Only the pictures are dropped; the lines of the material that follow are returned exactly.

*** Opening Data block ***

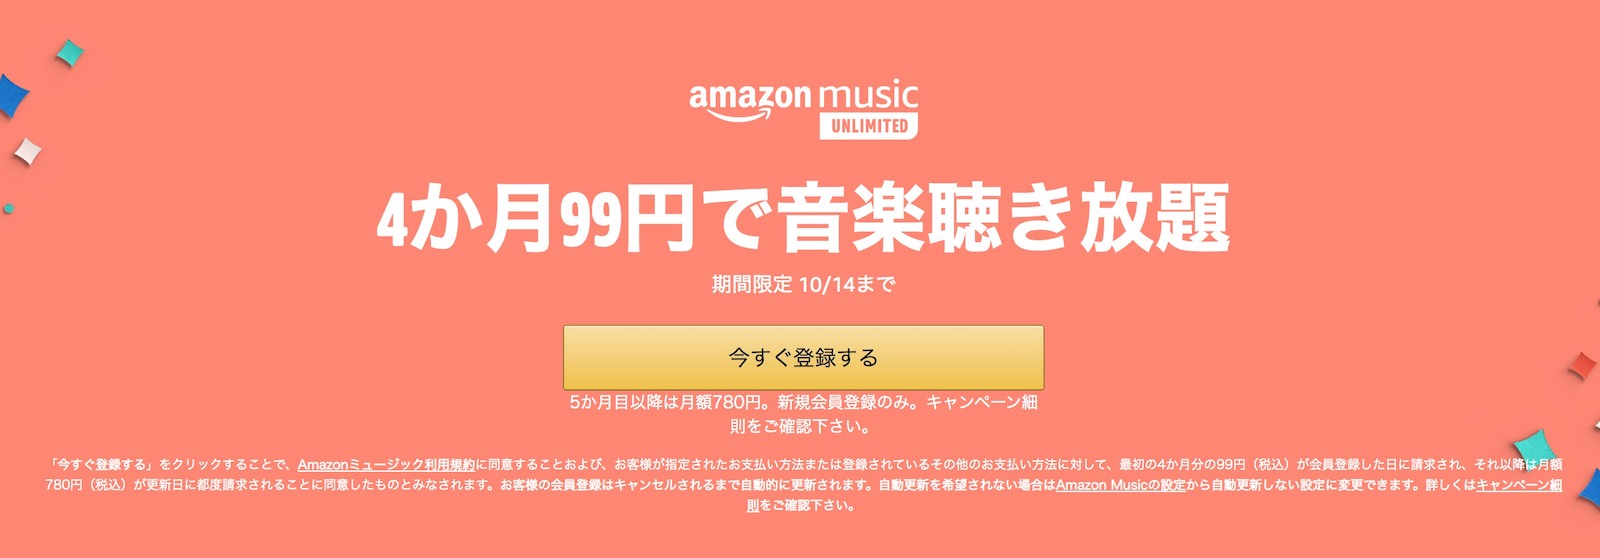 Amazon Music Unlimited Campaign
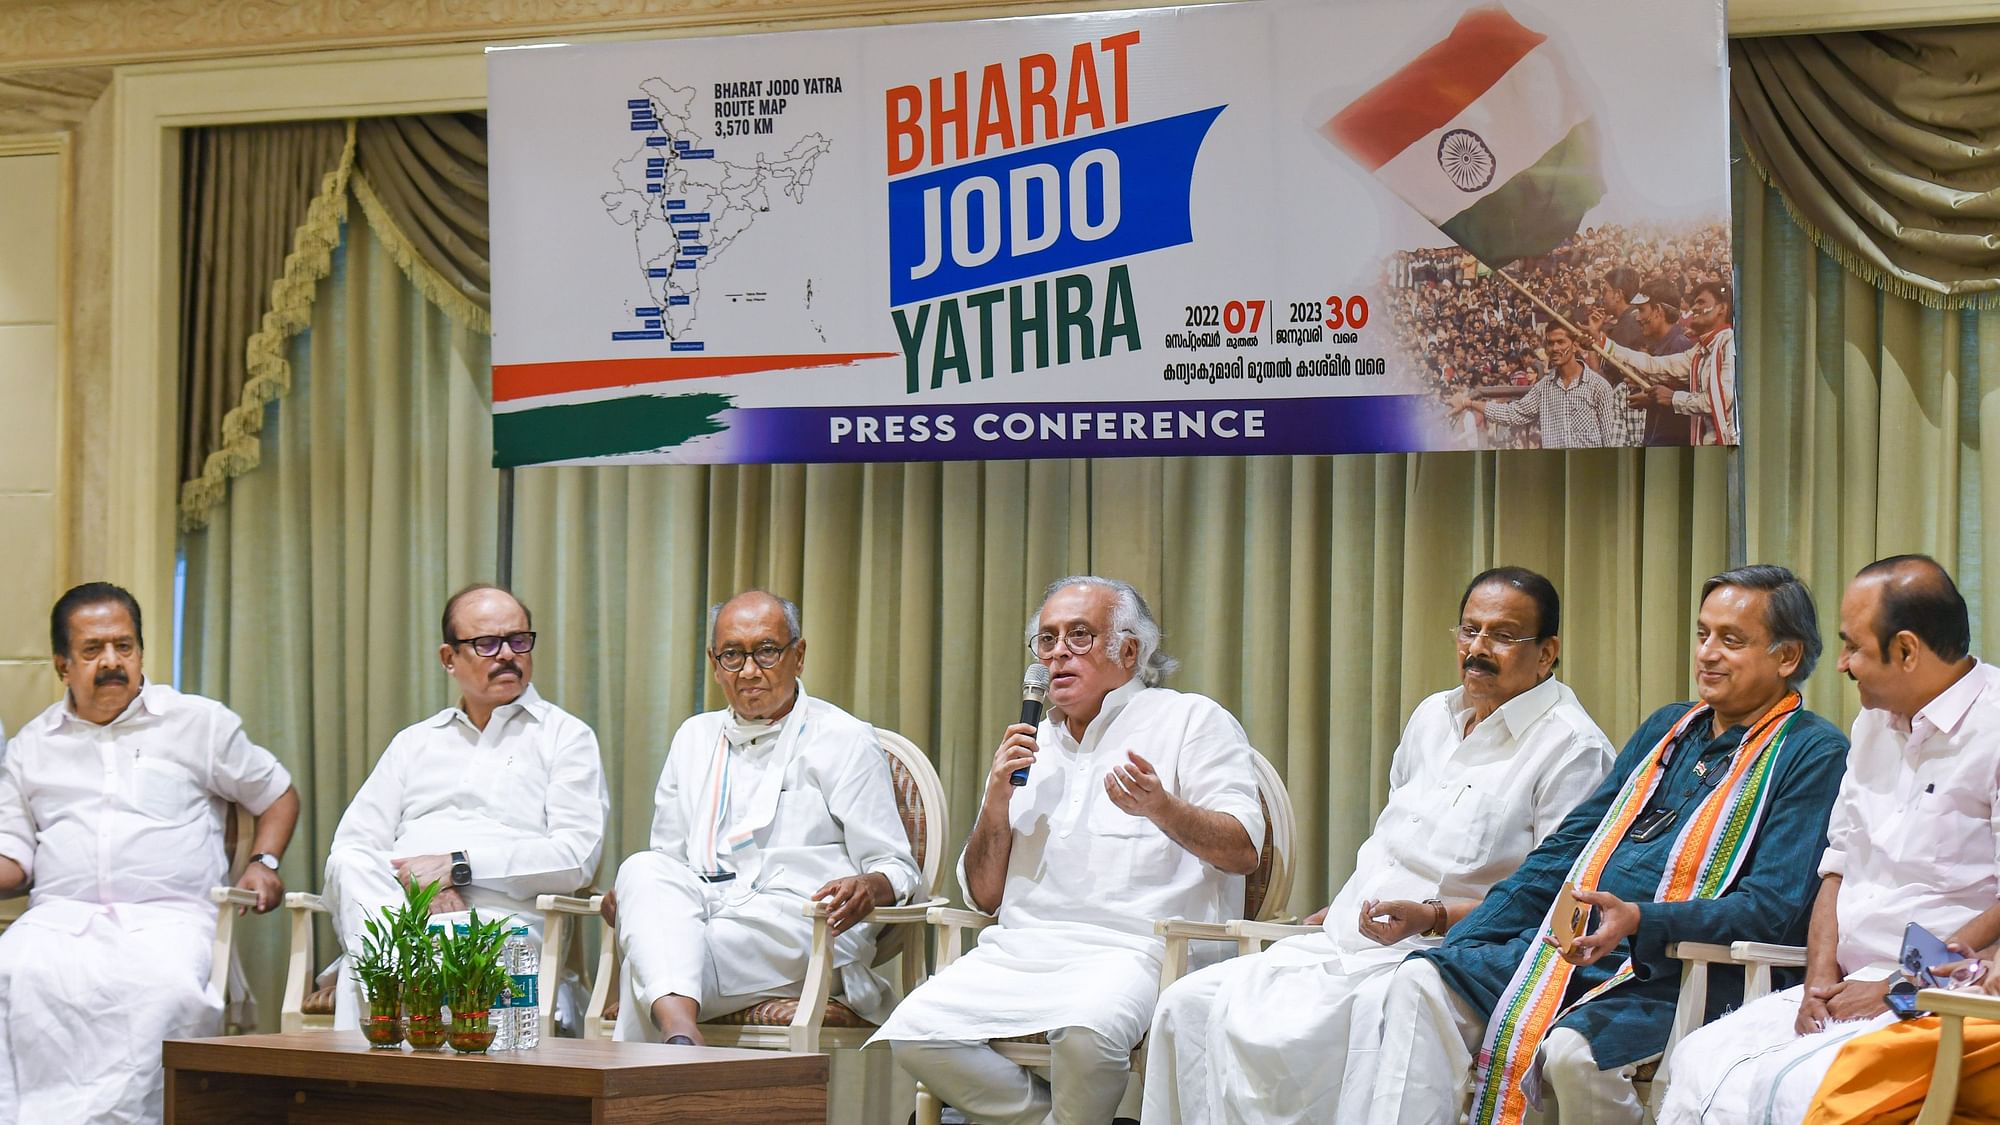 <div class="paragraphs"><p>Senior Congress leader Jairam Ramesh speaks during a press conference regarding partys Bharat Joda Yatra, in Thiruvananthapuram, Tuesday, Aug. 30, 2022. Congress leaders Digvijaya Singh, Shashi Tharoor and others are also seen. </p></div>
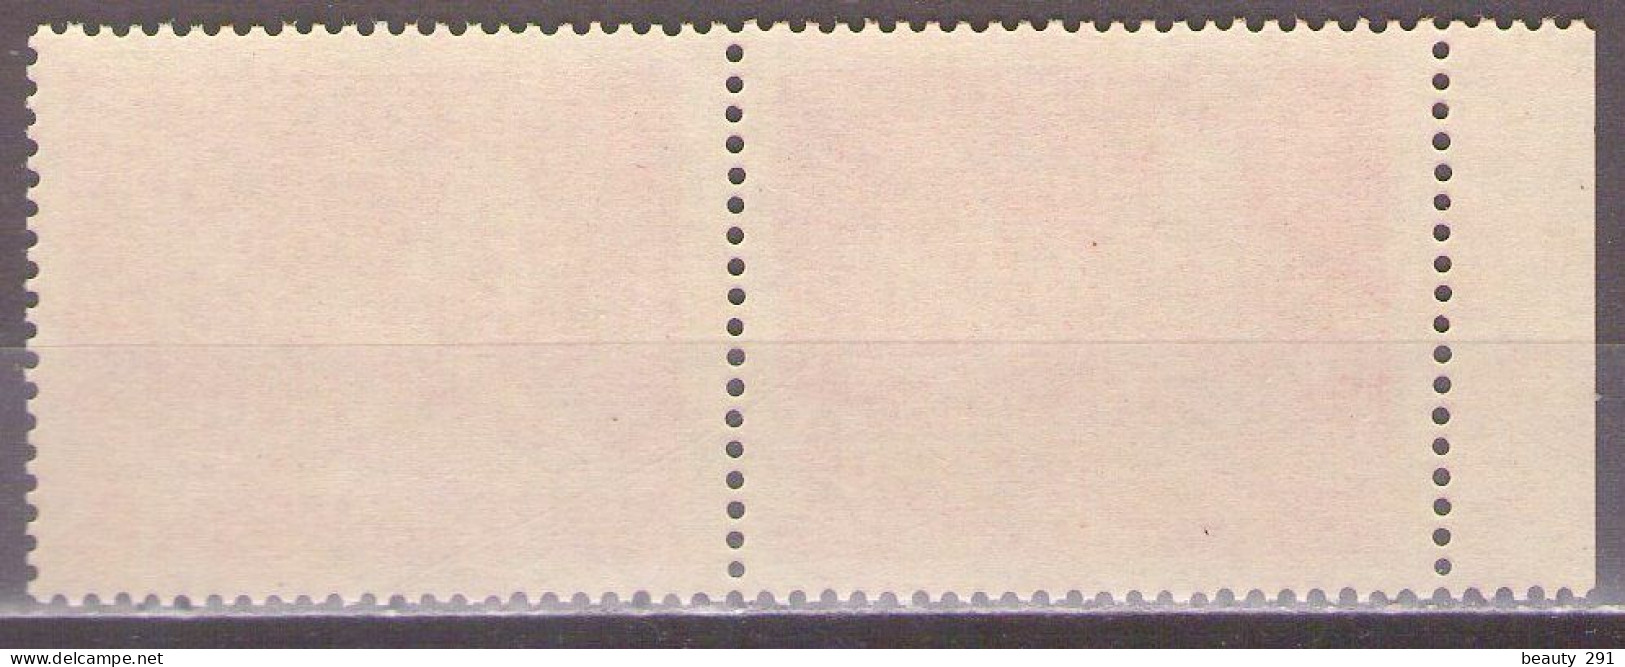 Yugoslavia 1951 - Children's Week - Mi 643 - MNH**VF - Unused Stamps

*** Closing Data block ***

# [Answer space]
 Amazon Music Unlimited Campaign
 <div class="paragraphs"><p>Senior Congress leader Jairam Ramesh speaks during a press conference regarding partys Bharat Joda Yatra, in Thiruvananthapuram, Tuesday, Aug. 30, 2022. Congress leaders Digvijaya Singh, Shashi Tharoor and others are also seen. </p></div>
 Yugoslavia 1951 - Children's Week - Mi 643 - MNH**VF - Unused Stamps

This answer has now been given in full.